Сокол послушно влез в скафандр, прикрепил шлем и отправился за баллоном водорода для наполнения зонда.
Рындин проводил Вадима до дверей каюты и, похлопывая по плечу скафандра, напутствовал:
— Я выйду следом за вами, Вадим. Готовьтесь пока. Да не забывайте прислушиваться л моим словам: помните, что вы-то меня можете слышать, а я вас нет.
Оставшись один, Рындин облегченно вздохнул. Очень хорошо, что ему вовремя пришло в голову заняться радиозондом, удалось заинтересовать Вадима. Теперь главное — не давать Соколу возможности снова погрузиться в тяжелые мысли о Гале, не оставлять его одного, заставлять работать, действовать. Поэтому Николай Петрович и решил выйти вместе с ним, хотя в этом не было необходимости: Сокол и один справился бы с запуском зонда.
Эх, если бы сам Николай Петрович был так внутренне уверен в благополучном возвращении Гали, как доказывал он Соколу! Но раздумывать об этом некогда, надо было выходить, у Вадима слишком неустойчивое нервное состояние.
Рындин зашел в кладовую, взял оболочку зонда, лежавшую в предохранительном конверте, катушку с тончайшим капроновым тросом, в который была вплетена еще более тонкая медная жилка, казавшаяся паутинкой, захватил небольшое прицепное устройство зонда и последовал за Вадимом.

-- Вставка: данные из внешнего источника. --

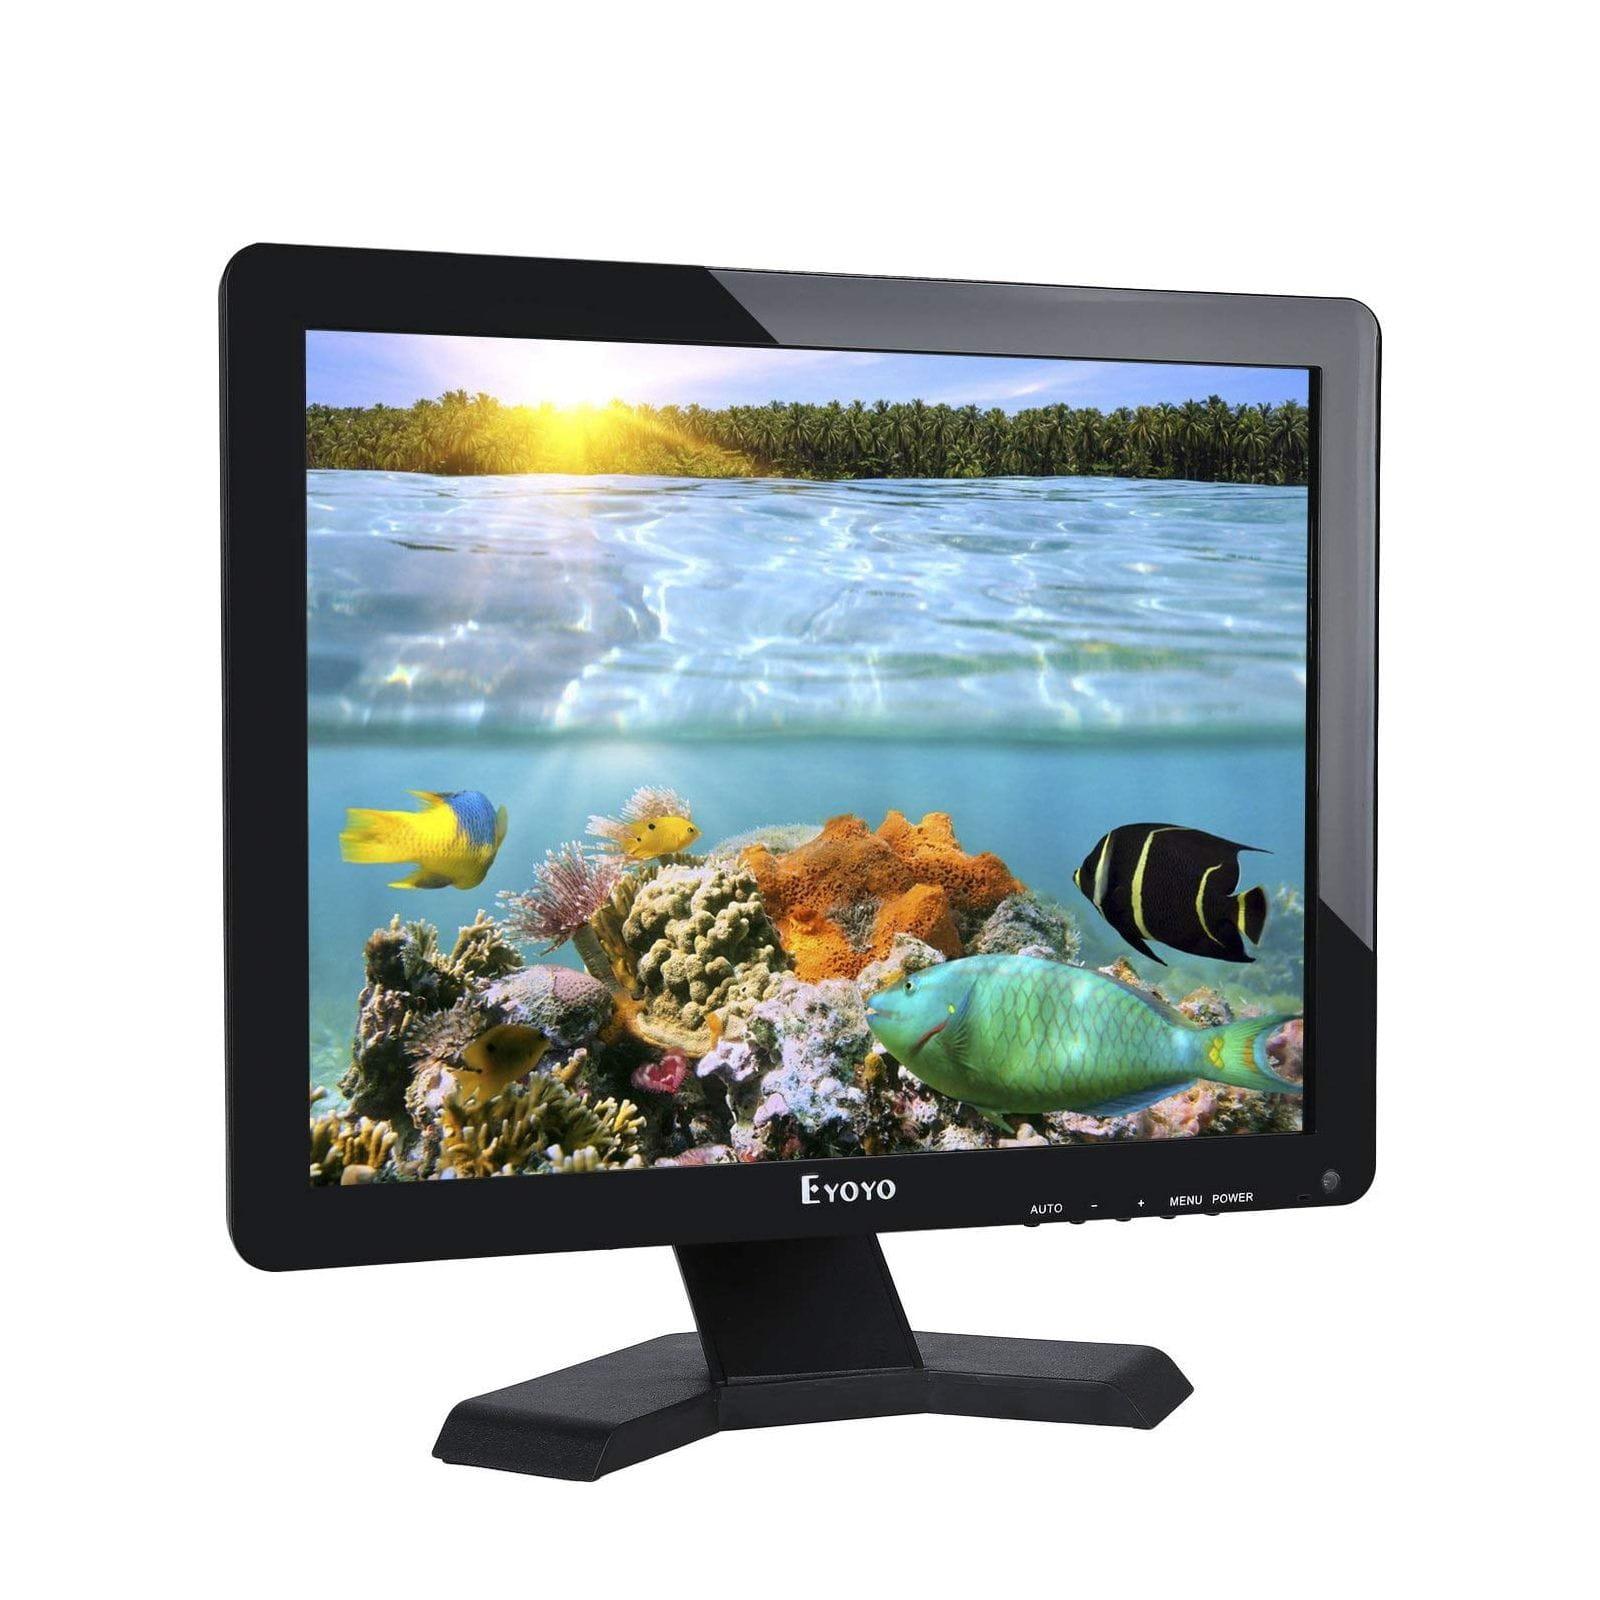 ECRAN BNC 17 POUCES AVEC HDMI VGA 1080P

Он вышел через шлюзовой люк наружу — и невольно остановился у лесенки, которая вела на землю. Какой чудесный, напоенный ароматами воздух! Влажный, теплый — трудно поверить, что он таит в себе грозную опасность, что он, по сути, отравлен переизбытком углекислоты. А ландшафт! Изумительное богатство невиданных оранжево-багряных красок и их оттенков, пышная растительность, живописные густые заросли… Да, но в них — как в воздухе Венеры, как и во всем этом наполненном неожиданностями мире, — также таятся неизведанные опасности!..
Свежий ветерок шевелил его седые волосы, приподнимал полы легкого пиджака. Но дышать все же трудновато, приходится все время делать глубокие вдохи и выдохи: воздух кажется одновременно и густым, плотным — и странно пустым.

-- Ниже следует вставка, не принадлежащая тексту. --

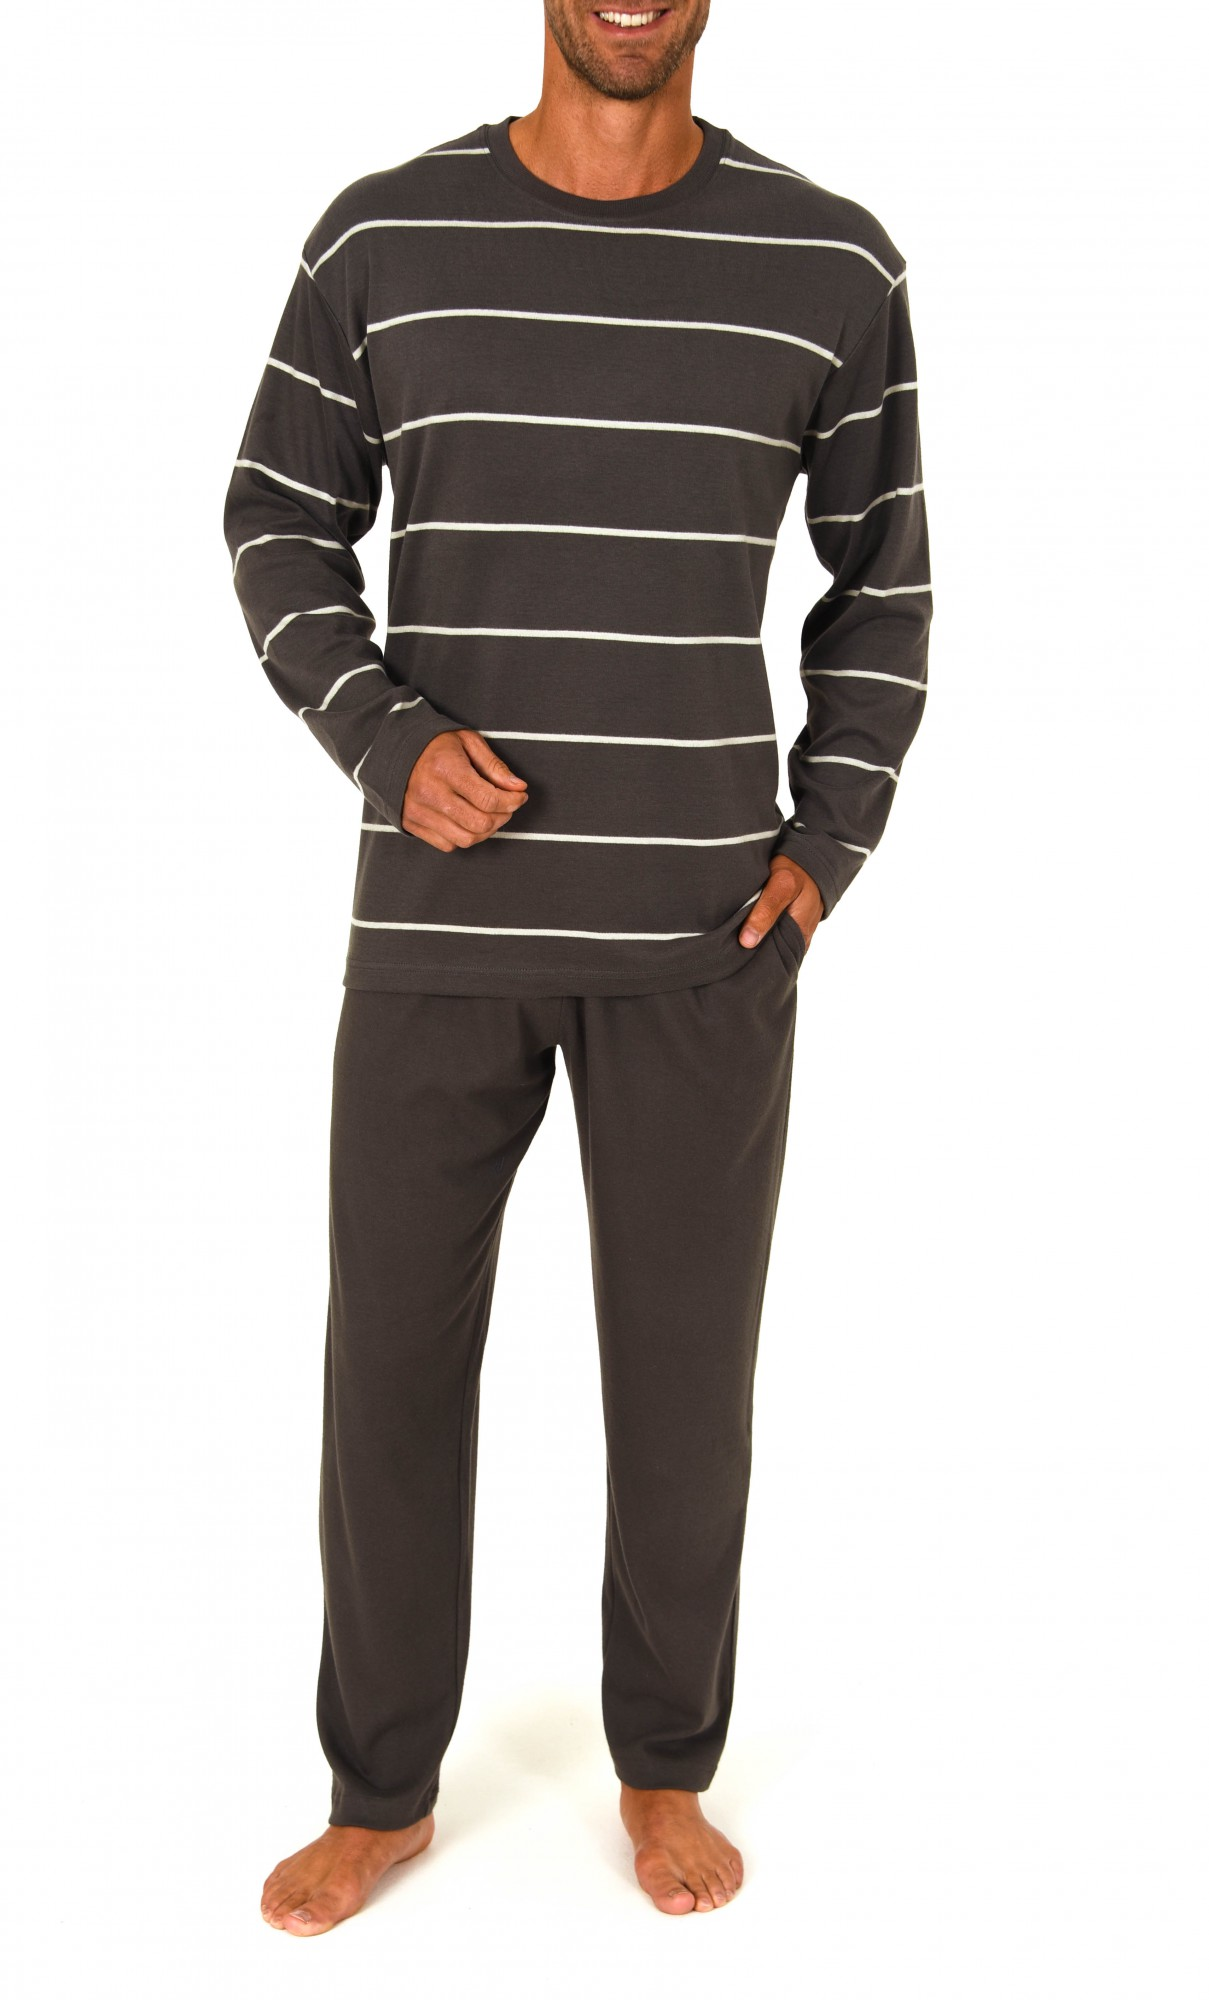 Pyjama lang, Rundhals, Interlock, 251 101 96 779 001

Рындин сошел вниз, к Соколу, который уже успел вбить в землю прочные металлические колья и установил около них баллон со сжатым водородом.
— Начинаем, Вадим! — бодро окликнул его Николай Петрович, складывая свою ношу.

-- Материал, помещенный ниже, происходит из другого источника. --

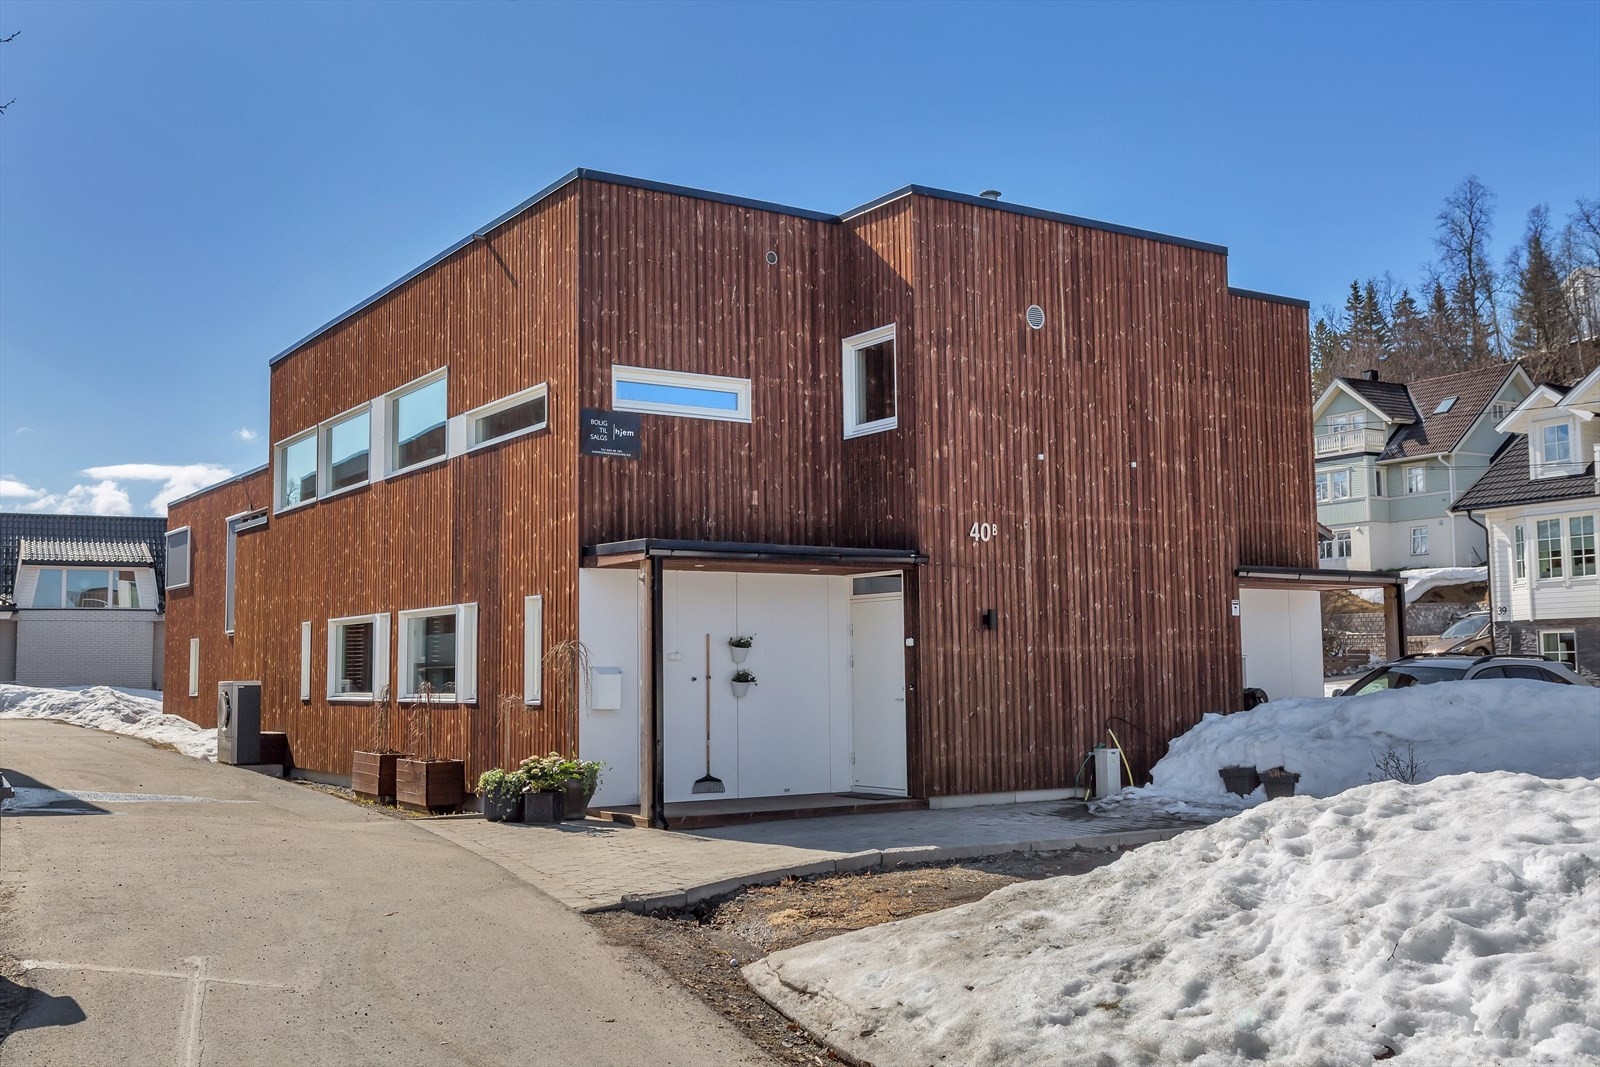 Rektor Qvigstads Gate 40B er en moderne og flott bolig i funkis utførelse

Они аккуратно расправили и разложили на земле тонкую, но очень прочную оболочку шара-зонда, соединили ее шлангом с баллоном, прикрепили к оболочке подвесное устройство и конец капронового троса.
— Редуктор включили, Вадим?
Второй конец капронового троса, выведенный из катушки наружу, был укреплен на изоляторах стяжки, связывавшей вбитые в землю колья.
— Включайте баллон!
Раздалось легкое шипение. Водород выходил из баллона под сильным давлением, которое гасилось редуктором, и постепенно наполнял оболочку шара-зонда. Она, как живая, зашевелилась на земле и начала раздуваться. Сначала это было что-то вроде бесформенного, плоского и широко распростертого на земле гриба. Затем шляпка гриба выросла, поднялась над землей, и уже потом оболочка начала принимать форму шара.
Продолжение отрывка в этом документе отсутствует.